What the task requires >> Print the first line of the records below and every line after it, up to and including the line with "Global Partners Completes". Print nothing else.

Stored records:
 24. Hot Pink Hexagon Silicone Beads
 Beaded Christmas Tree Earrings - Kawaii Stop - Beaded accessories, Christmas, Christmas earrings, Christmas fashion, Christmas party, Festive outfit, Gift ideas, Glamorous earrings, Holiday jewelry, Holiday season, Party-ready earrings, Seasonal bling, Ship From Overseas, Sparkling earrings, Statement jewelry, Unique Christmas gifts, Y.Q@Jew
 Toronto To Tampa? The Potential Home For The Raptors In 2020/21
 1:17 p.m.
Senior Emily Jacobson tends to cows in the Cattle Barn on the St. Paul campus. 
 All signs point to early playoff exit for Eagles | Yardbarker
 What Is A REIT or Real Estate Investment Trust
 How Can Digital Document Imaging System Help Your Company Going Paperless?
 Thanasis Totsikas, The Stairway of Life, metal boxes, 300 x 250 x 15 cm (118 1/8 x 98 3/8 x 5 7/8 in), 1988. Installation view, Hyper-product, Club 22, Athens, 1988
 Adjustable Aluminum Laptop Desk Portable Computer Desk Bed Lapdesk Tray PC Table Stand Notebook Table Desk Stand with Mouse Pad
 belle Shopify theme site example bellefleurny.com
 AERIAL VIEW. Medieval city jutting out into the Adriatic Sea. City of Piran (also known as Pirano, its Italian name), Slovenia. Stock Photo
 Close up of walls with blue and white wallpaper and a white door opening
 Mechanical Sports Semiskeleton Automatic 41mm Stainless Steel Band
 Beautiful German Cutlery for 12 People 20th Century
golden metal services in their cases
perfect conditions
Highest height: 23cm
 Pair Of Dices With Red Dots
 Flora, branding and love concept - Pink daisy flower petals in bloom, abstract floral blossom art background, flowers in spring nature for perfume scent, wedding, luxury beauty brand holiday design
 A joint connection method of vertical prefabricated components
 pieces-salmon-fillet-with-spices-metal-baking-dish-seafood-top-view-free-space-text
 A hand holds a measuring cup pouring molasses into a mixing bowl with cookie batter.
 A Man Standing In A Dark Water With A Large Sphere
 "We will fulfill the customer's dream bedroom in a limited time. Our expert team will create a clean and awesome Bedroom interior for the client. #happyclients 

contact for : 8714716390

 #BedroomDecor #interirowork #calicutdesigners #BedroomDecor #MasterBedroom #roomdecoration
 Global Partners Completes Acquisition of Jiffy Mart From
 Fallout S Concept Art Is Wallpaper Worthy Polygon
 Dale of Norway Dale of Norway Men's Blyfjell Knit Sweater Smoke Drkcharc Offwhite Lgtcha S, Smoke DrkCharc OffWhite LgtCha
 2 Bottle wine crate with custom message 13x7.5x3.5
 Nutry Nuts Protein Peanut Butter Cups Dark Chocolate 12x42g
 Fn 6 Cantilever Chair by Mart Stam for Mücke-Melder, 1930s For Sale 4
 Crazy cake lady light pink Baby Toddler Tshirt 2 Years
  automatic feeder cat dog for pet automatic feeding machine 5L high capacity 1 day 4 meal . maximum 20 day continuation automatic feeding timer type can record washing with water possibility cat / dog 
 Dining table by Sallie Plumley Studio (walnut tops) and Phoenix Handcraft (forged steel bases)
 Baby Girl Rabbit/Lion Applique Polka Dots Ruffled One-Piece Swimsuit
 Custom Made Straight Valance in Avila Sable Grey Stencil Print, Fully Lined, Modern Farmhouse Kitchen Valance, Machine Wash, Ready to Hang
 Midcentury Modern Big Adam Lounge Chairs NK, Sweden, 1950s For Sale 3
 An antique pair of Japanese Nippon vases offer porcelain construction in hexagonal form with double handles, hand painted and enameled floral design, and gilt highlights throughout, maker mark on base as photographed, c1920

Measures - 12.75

Exercise result >>
 24. Hot Pink Hexagon Silicone Beads
 Beaded Christmas Tree Earrings - Kawaii Stop - Beaded accessories, Christmas, Christmas earrings, Christmas fashion, Christmas party, Festive outfit, Gift ideas, Glamorous earrings, Holiday jewelry, Holiday season, Party-ready earrings, Seasonal bling, Ship From Overseas, Sparkling earrings, Statement jewelry, Unique Christmas gifts, Y.Q@Jew
 Toronto To Tampa? The Potential Home For The Raptors In 2020/21
 1:17 p.m.
Senior Emily Jacobson tends to cows in the Cattle Barn on the St. Paul campus. 
 All signs point to early playoff exit for Eagles | Yardbarker
 What Is A REIT or Real Estate Investment Trust
 How Can Digital Document Imaging System Help Your Company Going Paperless?
 Thanasis Totsikas, The Stairway of Life, metal boxes, 300 x 250 x 15 cm (118 1/8 x 98 3/8 x 5 7/8 in), 1988. Installation view, Hyper-product, Club 22, Athens, 1988
 Adjustable Aluminum Laptop Desk Portable Computer Desk Bed Lapdesk Tray PC Table Stand Notebook Table Desk Stand with Mouse Pad
 belle Shopify theme site example bellefleurny.com
 AERIAL VIEW. Medieval city jutting out into the Adriatic Sea. City of Piran (also known as Pirano, its Italian name), Slovenia. Stock Photo
 Close up of walls with blue and white wallpaper and a white door opening
 Mechanical Sports Semiskeleton Automatic 41mm Stainless Steel Band
 Beautiful German Cutlery for 12 People 20th Century
golden metal services in their cases
perfect conditions
Highest height: 23cm
 Pair Of Dices With Red Dots
 Flora, branding and love concept - Pink daisy flower petals in bloom, abstract floral blossom art background, flowers in spring nature for perfume scent, wedding, luxury beauty brand holiday design
 A joint connection method of vertical prefabricated components
 pieces-salmon-fillet-with-spices-metal-baking-dish-seafood-top-view-free-space-text
 A hand holds a measuring cup pouring molasses into a mixing bowl with cookie batter.
 A Man Standing In A Dark Water With A Large Sphere
 "We will fulfill the customer's dream bedroom in a limited time. Our expert team will create a clean and awesome Bedroom interior for the client. #happyclients 

contact for : 8714716390

 #BedroomDecor #interirowork #calicutdesigners #BedroomDecor #MasterBedroom #roomdecoration
 Global Partners Completes Acquisition of Jiffy Mart From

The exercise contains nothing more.